El escritor grancanario Alexis Ravelo ha ganado el Premio Dashiel Hammet de la Semana Negra de Gijón con su novela La estrategia del pequinés. El jurado estuvo formado por Paco Camarasa, Milo Krmpotic, Marcelo Luján y Miguel Barrero. En este blog hice una pequeña reseña de esa novela, que leí en septiembre del año pasado.

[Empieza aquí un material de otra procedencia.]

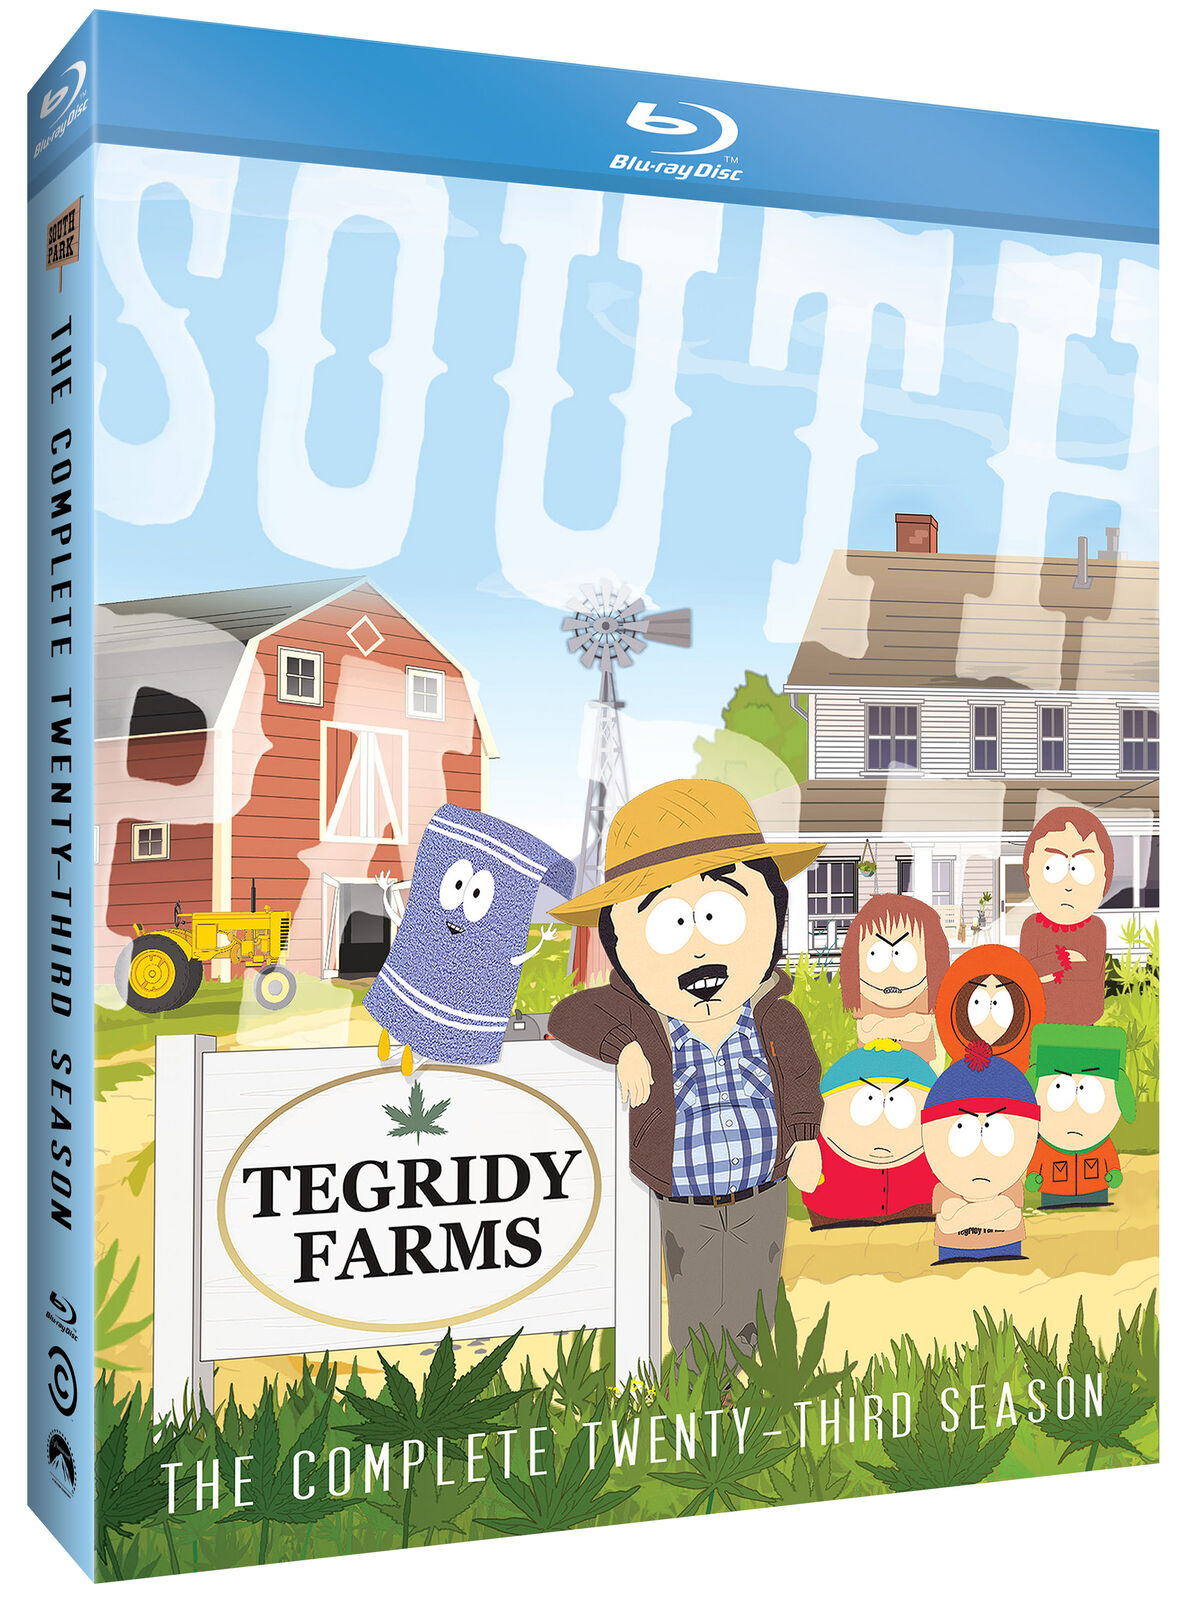 Tegridy Wins with 'South Park: The Complete Twenty-Third Season' on DVD/Blu-ray  | Fandom

Las tres bodas de Manolita, de Almudena Grandes


Magnífica. Este es el calificativo que merece esta novela -el tercero de los Episodios de una Guerra Interminable- de Almudena Grandes por varios motivos: la ingente labor de documentación llevada a cabo por la autora, la agilidad de su prosa, la cantidad y variedad de personajes que aparecen y tramas que desarrolla, el continuo homenaje que realiza a la Literatura con mayúsculas (Galdós y sus Episodios Nacionales, La isla del tesoro, etc.), la sensibilidad que desprenden sus reflexiones, la descripción de ambientes, las claves históricas que desentraña, las técnicas empleadas (narrador omnisciente, narrador protagonista, anticipaciones, diversidad de puntos de vista), la aparición de personajes de sus dos obras anteriores -Inés y la alegría y El lector de Julio Verne- y de su obra inmediatamente posterior que ya nos adelanta, Los pacientes del doctor García...Por todo ello y más es una novela de lectura imprescindible. Su argumento gira en torno a Manolita Perales, que ve cómo su vida y la de los suyos cambia a partir de 1939. Las más bajas pasiones del ser humano se desatan en la posguerra española y Almudena Grandes es capaz de lograr que el lector asista impotente a este desgraciado espectáculo: delación, tortura, asesinato, egoísmo, explotación de menores, ambición, injusticia, miedo, dolor, despotismo; aunque aporta un rayo de esperanza: solidaridad, esfuerzo, trabajo, paciencia, amistad, amor.


02 julio 2014

Una vacante imprevista, de J. K. Rowling


Me ha gustado mucho esta novela -primera que dirige al público adulto- de J. K. Rowling, la autora de la saga de Harry Potter. Aunque para algunos críticos su estilo no es muy depurado y su trama resulta algo estereotipada, he de confesar que ha logrado captar mi atención de principio a fin, que he sufrido con algunos de sus personajes, que he empatizado con unos y que he sentido antipatía ante la actitud de otros; en definitiva, que la autora ha logrado conectar conmigo a través de las seiscientas páginas de su obra. Eso es lo que se suele pedir a una novela, que llegue, que conmueva al lector y que éste sienta el momento en que concluya su lectura. Los temas que trata, si bien están localizados en Inglaterra son perfectamente extrapolables a cualquier otro lugar: falsedad, hipocresía, acoso escolar, violencia en el ámbito familiar, drogas, sexo entre adolescentes, maledicencia, ambición, cortedad de miras, sordidez, adopciones, etc. Todo comienza con la muerte repentina de Barry Fairbrother, miembro del concejo parroquial de Pagford, que desencadena una auténtica batalla por ocupar su puesto, ya que de ello depende el destino de una urbanización de dudosa legalidad donde vive gente conflictiva relacionada con la delincuencia y la droga. El final es sumamente trágico y proclive a la reflexión. Lectura muy recomendable.